# Any dairy free appatizers?



## Puff (Jun 5, 2006)

I am slightly lactose intolerant and am always looking for delicious dairy free recipes. I am especially interested in dairy free appatizers, which are hard to find. It seems like everything has cheese or mayo in it.


----------



## SierraCook (Jun 7, 2006)

This recipe was originally posted by Jkath and is a superbowl party favorite.

*Jack Daniels Kielbasa* 

1 kielbasa (the real stuff, no turkey, no light....) 

Boil in water 20 minutes to get the fat out. Dry on paper towels & cool. Cut into large-ish bite sized pieces. 

In a pan, stir 3/4 cup ketchup, 3/4 cup light brown sugar & 1/2 cup Jack Daniels. Cook on low to med-low. When it's bubbly, add kielbasa. Cook, stirring about every minute or two for at least 45 minutes. (you don't want to scortch it) so it cooks down to a nice saucy consistency. 

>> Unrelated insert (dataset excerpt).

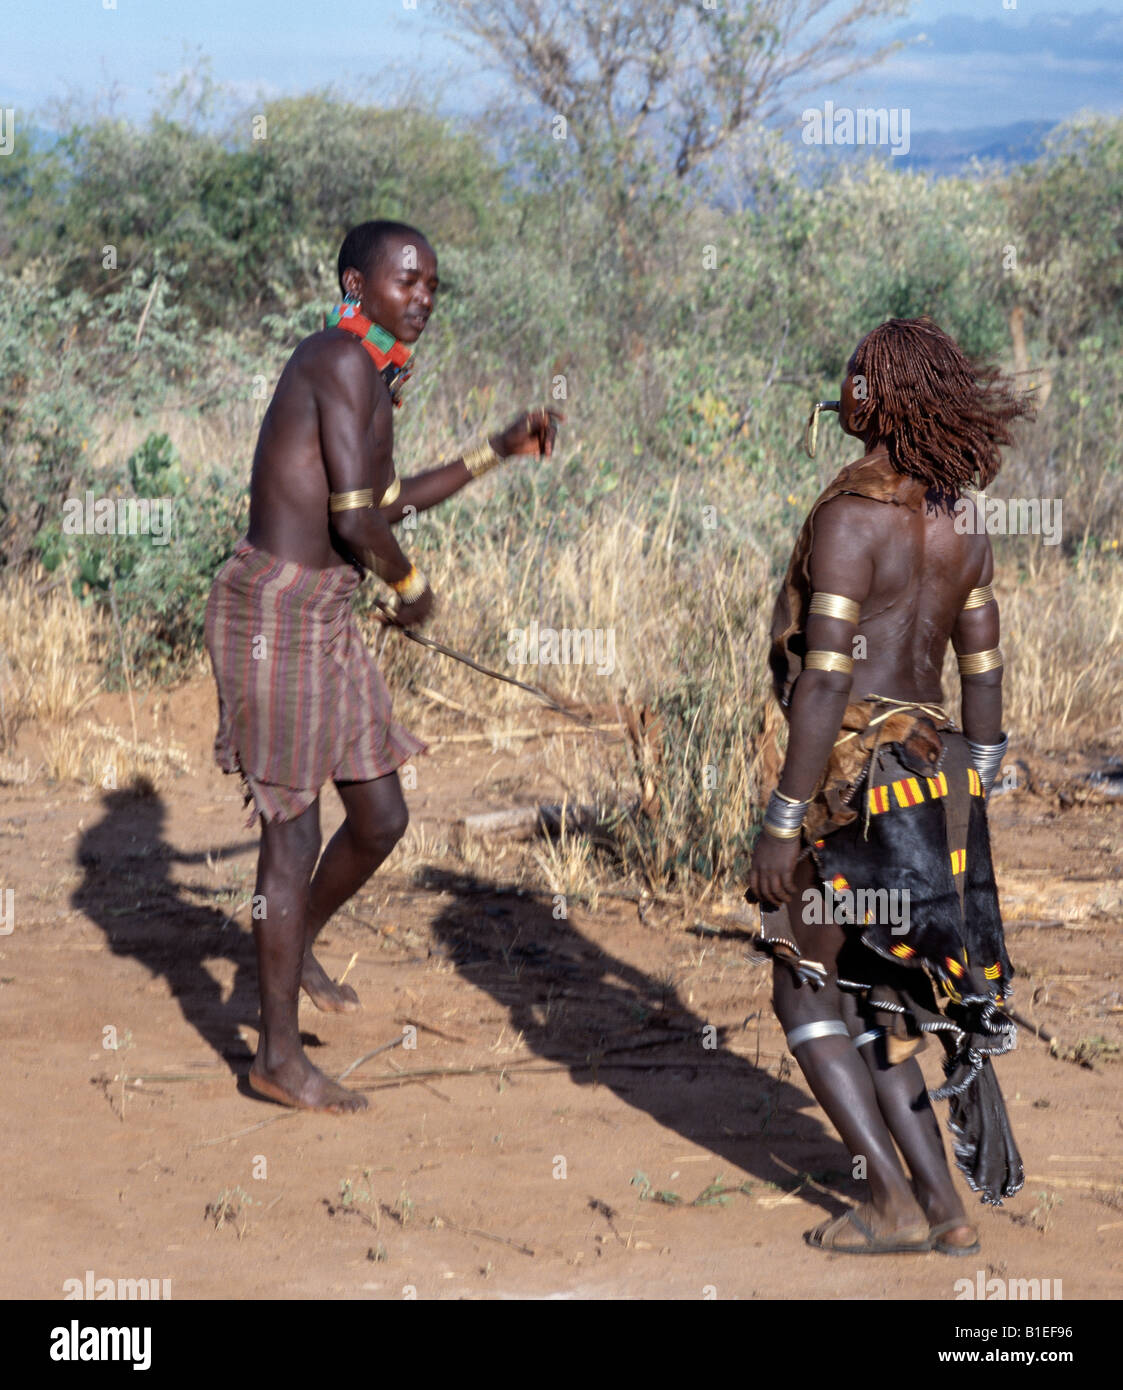 A Hamar woman being whipped duuring a Hamar 'Jumping of the Bull' ceremony. Stock Photo

These are great appetizers. However, they are just as good if you make it the day before, keep in the fridge & then heat & serve.

I love this recipe and usually end up doubling the recipe. I use medium Pace picante sauce for the salsa.

*Mexican Black Bean Dip*


1-15.5 oz. can black beans
1/3 cup salsa
¼ cup cilantro leaves
4 teaspoons lemon or lime juice
1 garlic clove, minced
Tortilla chips


Drain and rinse black beans. Combine beans, cilantro, lemon juice, and garlic in food processor. Blend until smooth. Garnish with leaflets of cilantro. Keep refrigerated until ready to serve. Serve with tortilla chips. Recipe can be easily doubled or tripled.


----------



## Haggis (Jun 8, 2006)

> It seems like everything has cheese or mayo in it.



Real mayonnaise does not have any dairy in it. Eggs, oil, vinegar and sometimes mustard.


----------